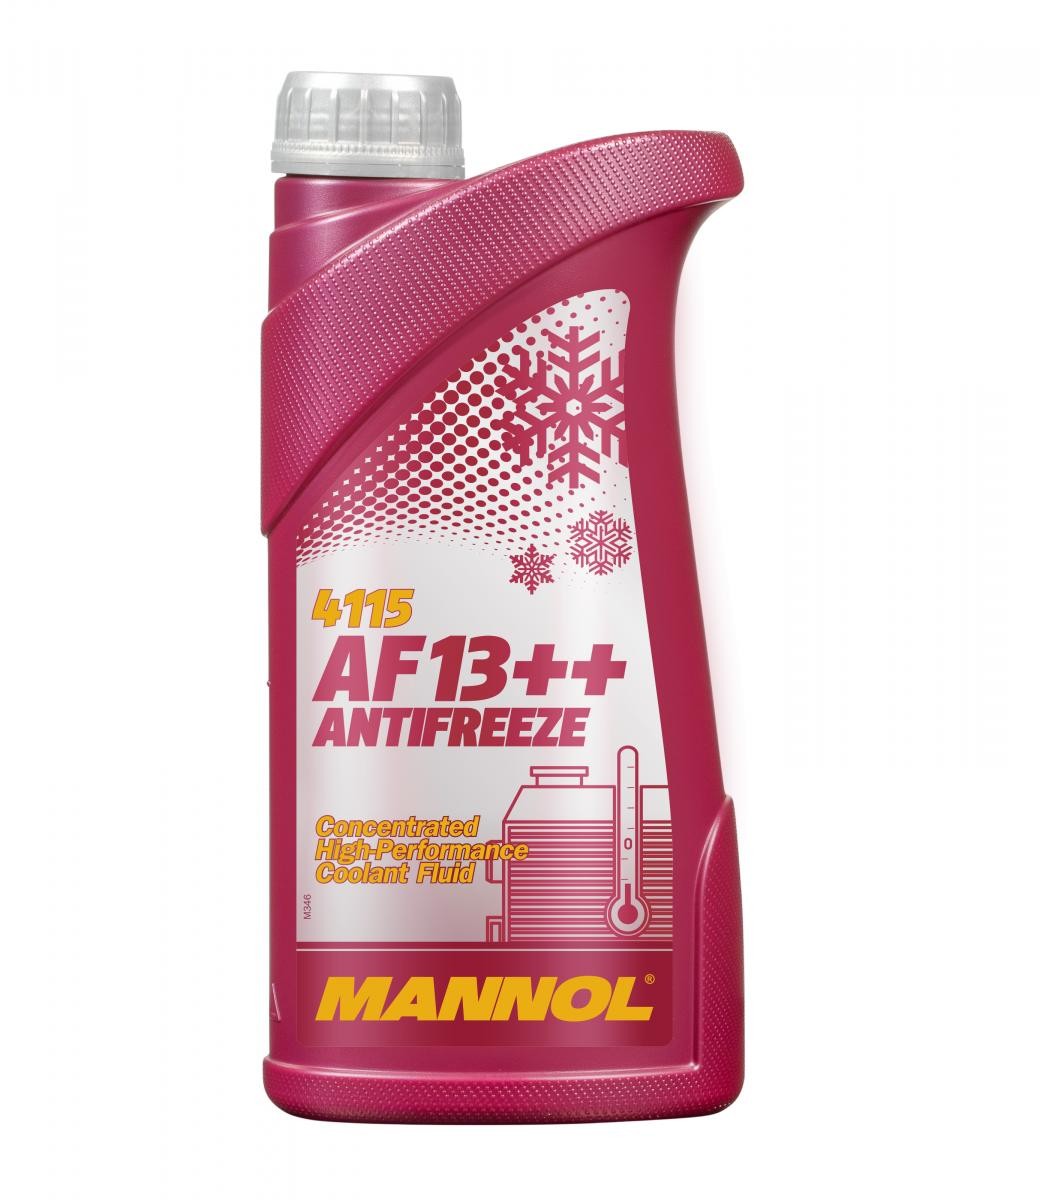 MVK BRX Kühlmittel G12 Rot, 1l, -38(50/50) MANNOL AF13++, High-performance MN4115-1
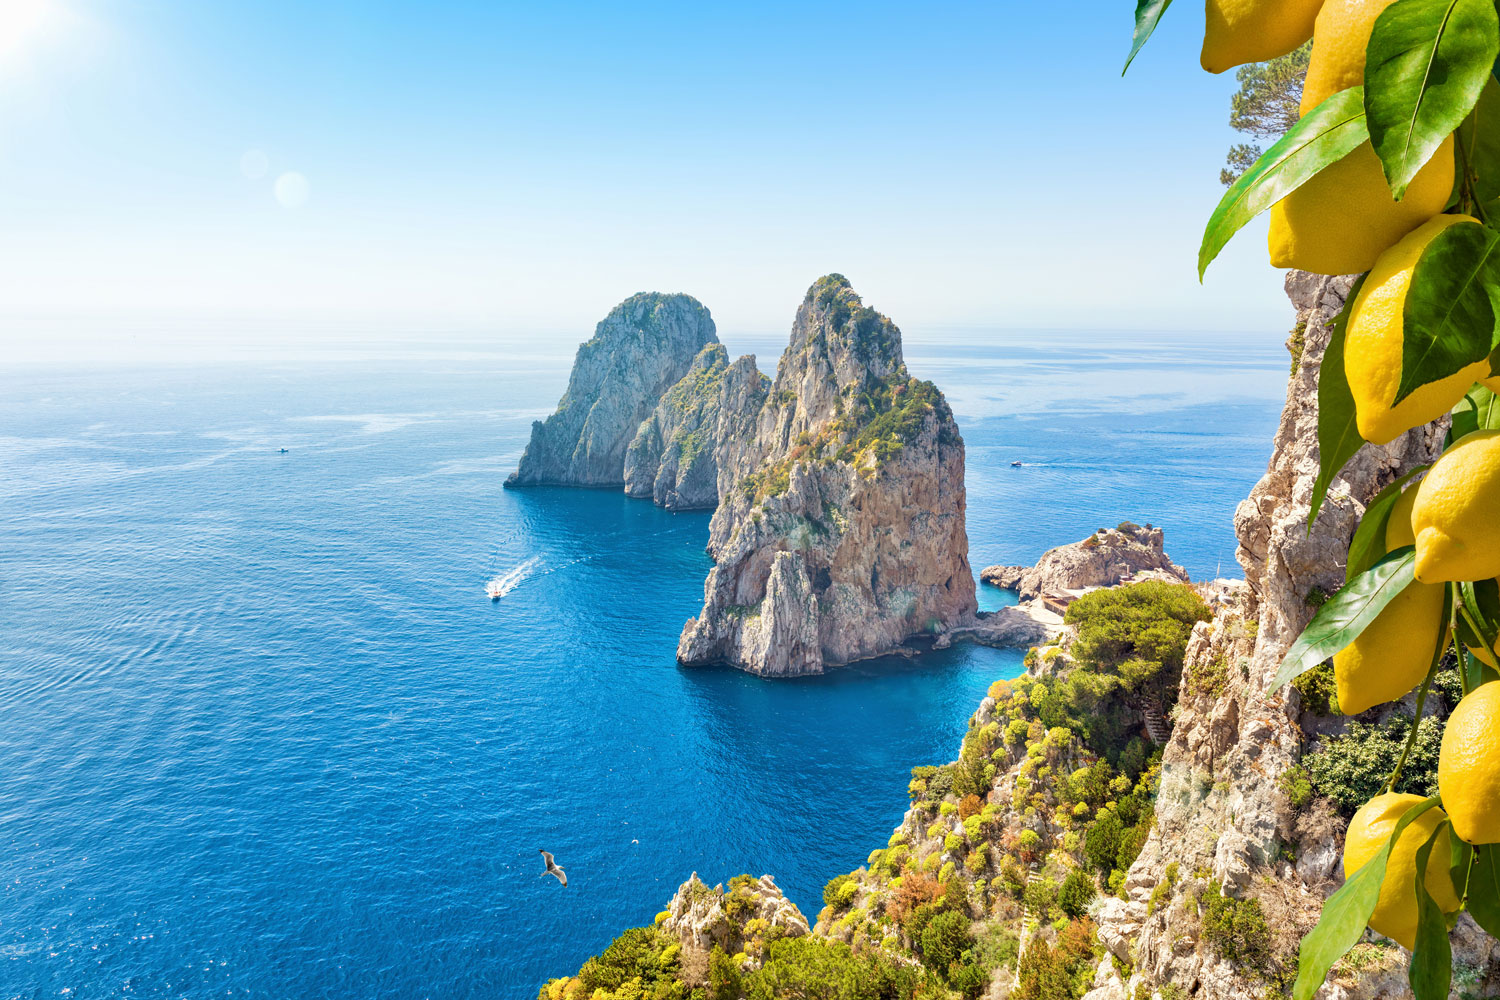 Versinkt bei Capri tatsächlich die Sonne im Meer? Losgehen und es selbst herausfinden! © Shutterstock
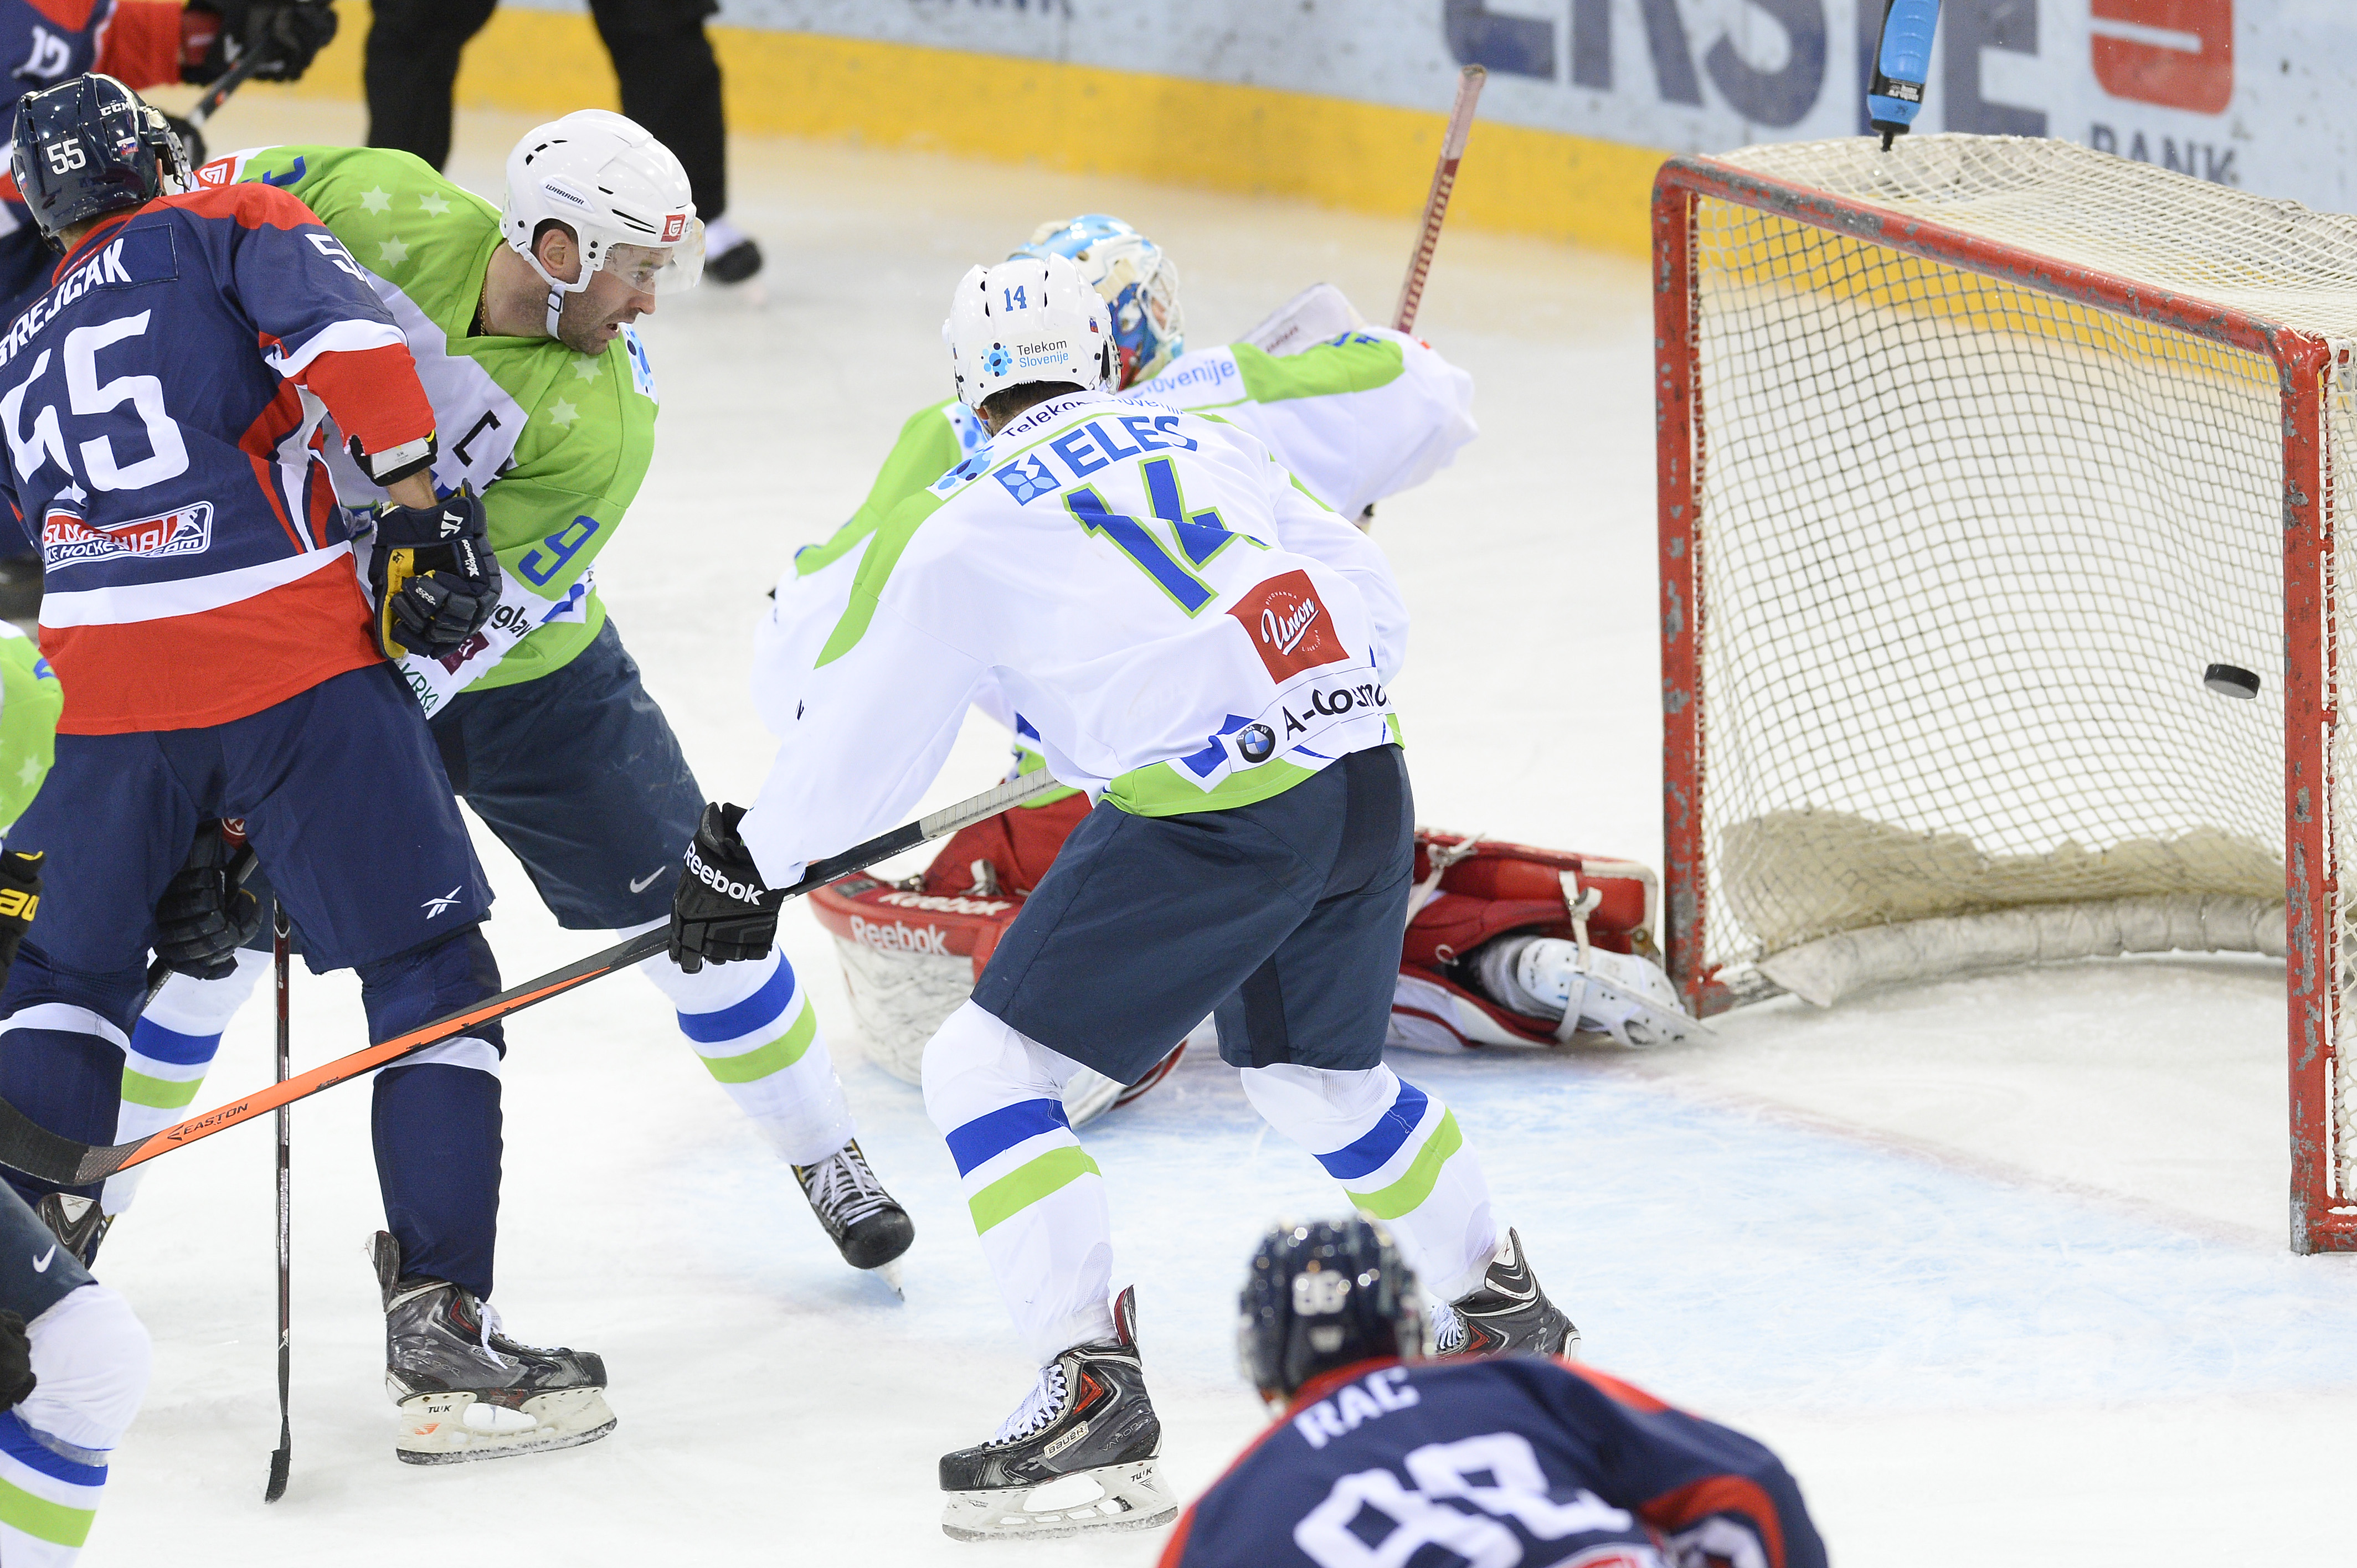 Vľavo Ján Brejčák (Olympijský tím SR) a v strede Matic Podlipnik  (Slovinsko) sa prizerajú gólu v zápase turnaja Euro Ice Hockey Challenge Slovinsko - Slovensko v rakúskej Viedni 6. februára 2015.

■ **Task description**
Before you return the listing, strip out its pictures; all else must match exactly.

■ **Exercise result**
 MVK BRX Kühlmittel G12 Rot, 1l, -38(50/50) MANNOL AF13++, High-performance MN4115-1
 Versinkt bei Capri tatsächlich die Sonne im Meer? Losgehen und es selbst herausfinden! © Shutterstock
 Vľavo Ján Brejčák (Olympijský tím SR) a v strede Matic Podlipnik  (Slovinsko) sa prizerajú gólu v zápase turnaja Euro Ice Hockey Challenge Slovinsko - Slovensko v rakúskej Viedni 6. februára 2015.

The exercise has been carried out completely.